Que le respondió que no tenía por qué aguantar sermones de nadie.

Que entró en su cuarto para ducharse y cambiarse de ropa. Que se metió otra

raya en el descansillo antes de marcharse. Que empezó a bajar por la escalera y

que él pensaba marcharse detrás de él. Que llegó a salvar el primer escalón y

luego, de pronto, se dio la vuelta como si se le hubiera olvidado decirle algo. Que

entonces, el cuerpo aún de perfil, calculó mal y pisó en el vacío.

—Empezó a caer en diagonal, luego cabeza abajo, dio una vuelta y acabó boca

arriba. En algún momento su cabeza chocó con un escalón. Yo examiné la herida.

Se había golpeado en la base del cráneo. Le levanté con cuidado y la sangre

empezó a manar a borbotones.

Llamé a una ambulancia enseguida, por supuesto, pero ya sabía que no había

nada que hacer.

Nicanor no dijo nada.
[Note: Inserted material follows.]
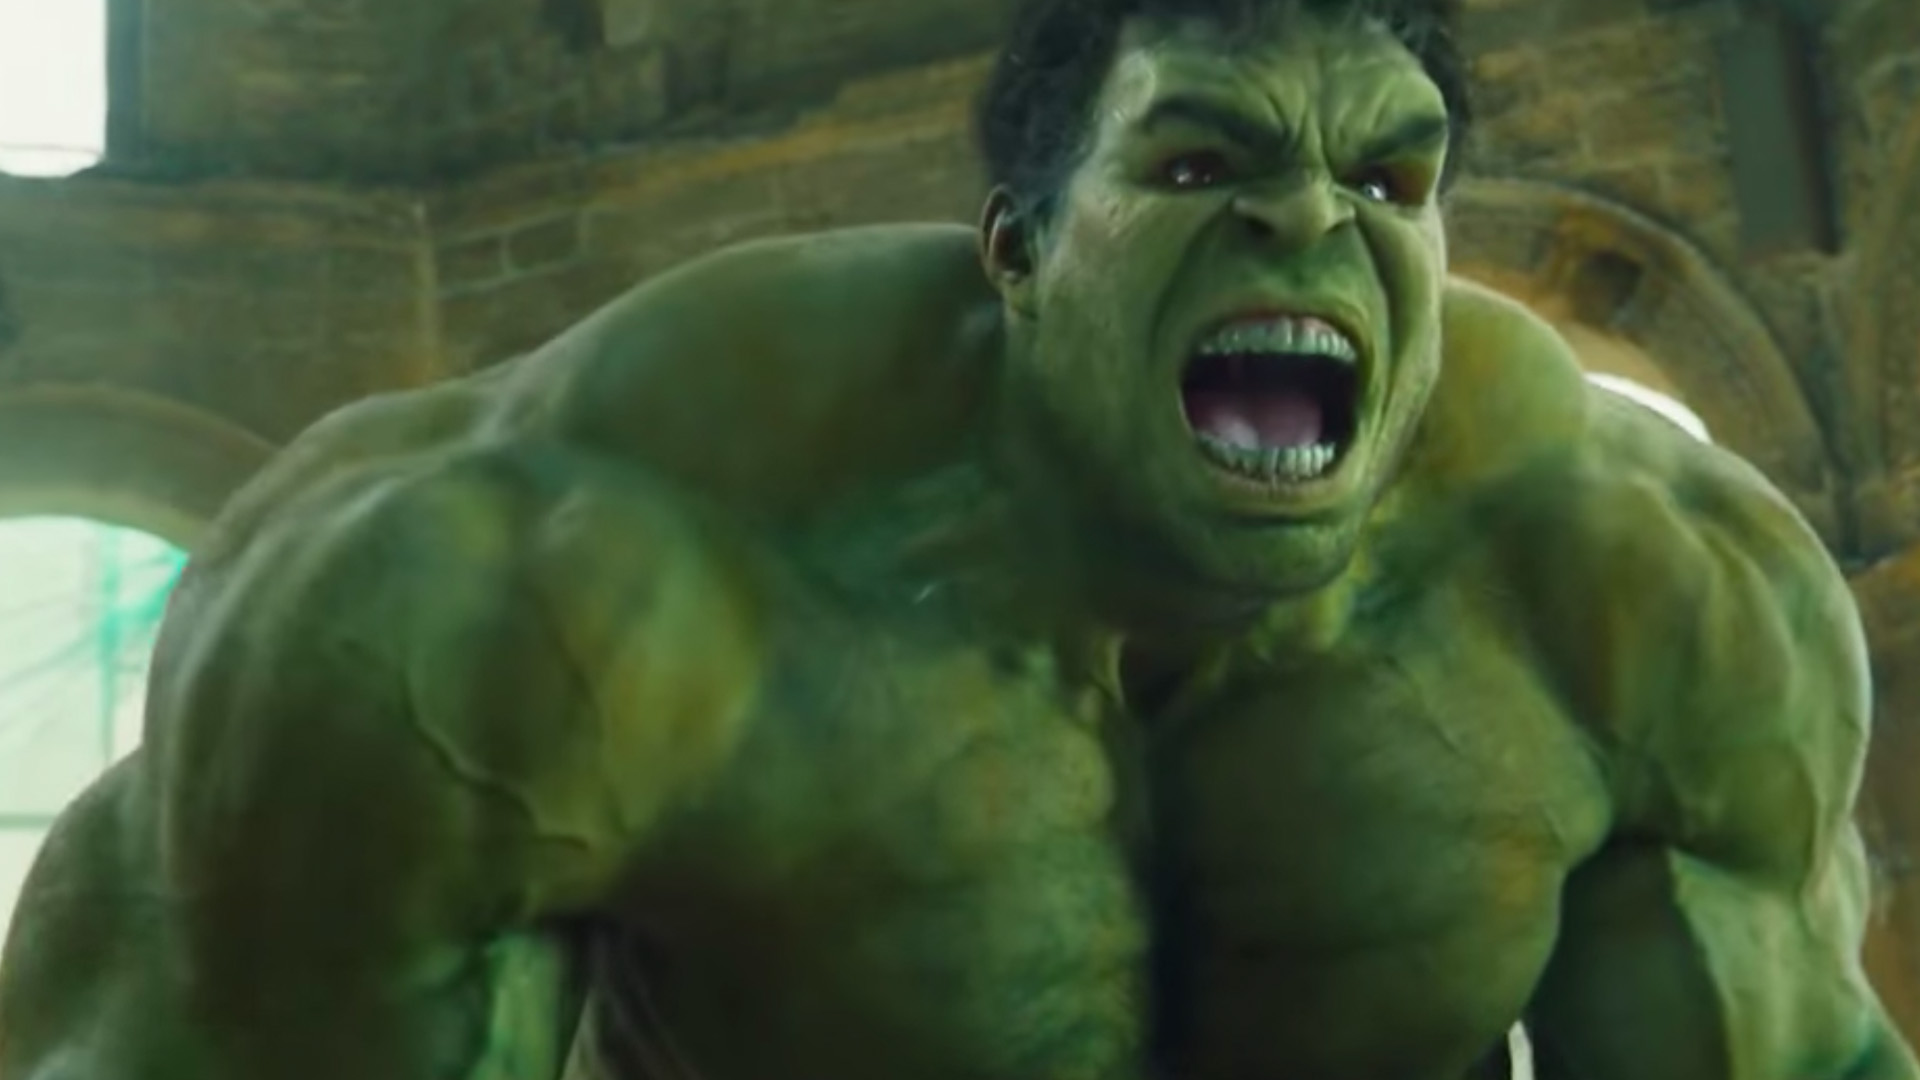 watch superman vs hulk who wins in a fight geektyrant

Se quedó muy quieto, con los ojos clavados en el techo, y

cuando estaba a punto de volver a llorar, le preguntó a Juan si podía ayudar en

algo.

—¿Y qué piensas hacer tú ahora?

—No lo sé –y era absolutamente sincero–. De momento, llevarme a Alfonso a mi

casa un par de días.

Tam está en casa de Trini, y supongo que será mejor que siga allí, por lo menos

hasta después del entierro, porque con los otros niños estará más entretenida. Y

luego…

Pues no sé, la verdad, no tengo ni idea.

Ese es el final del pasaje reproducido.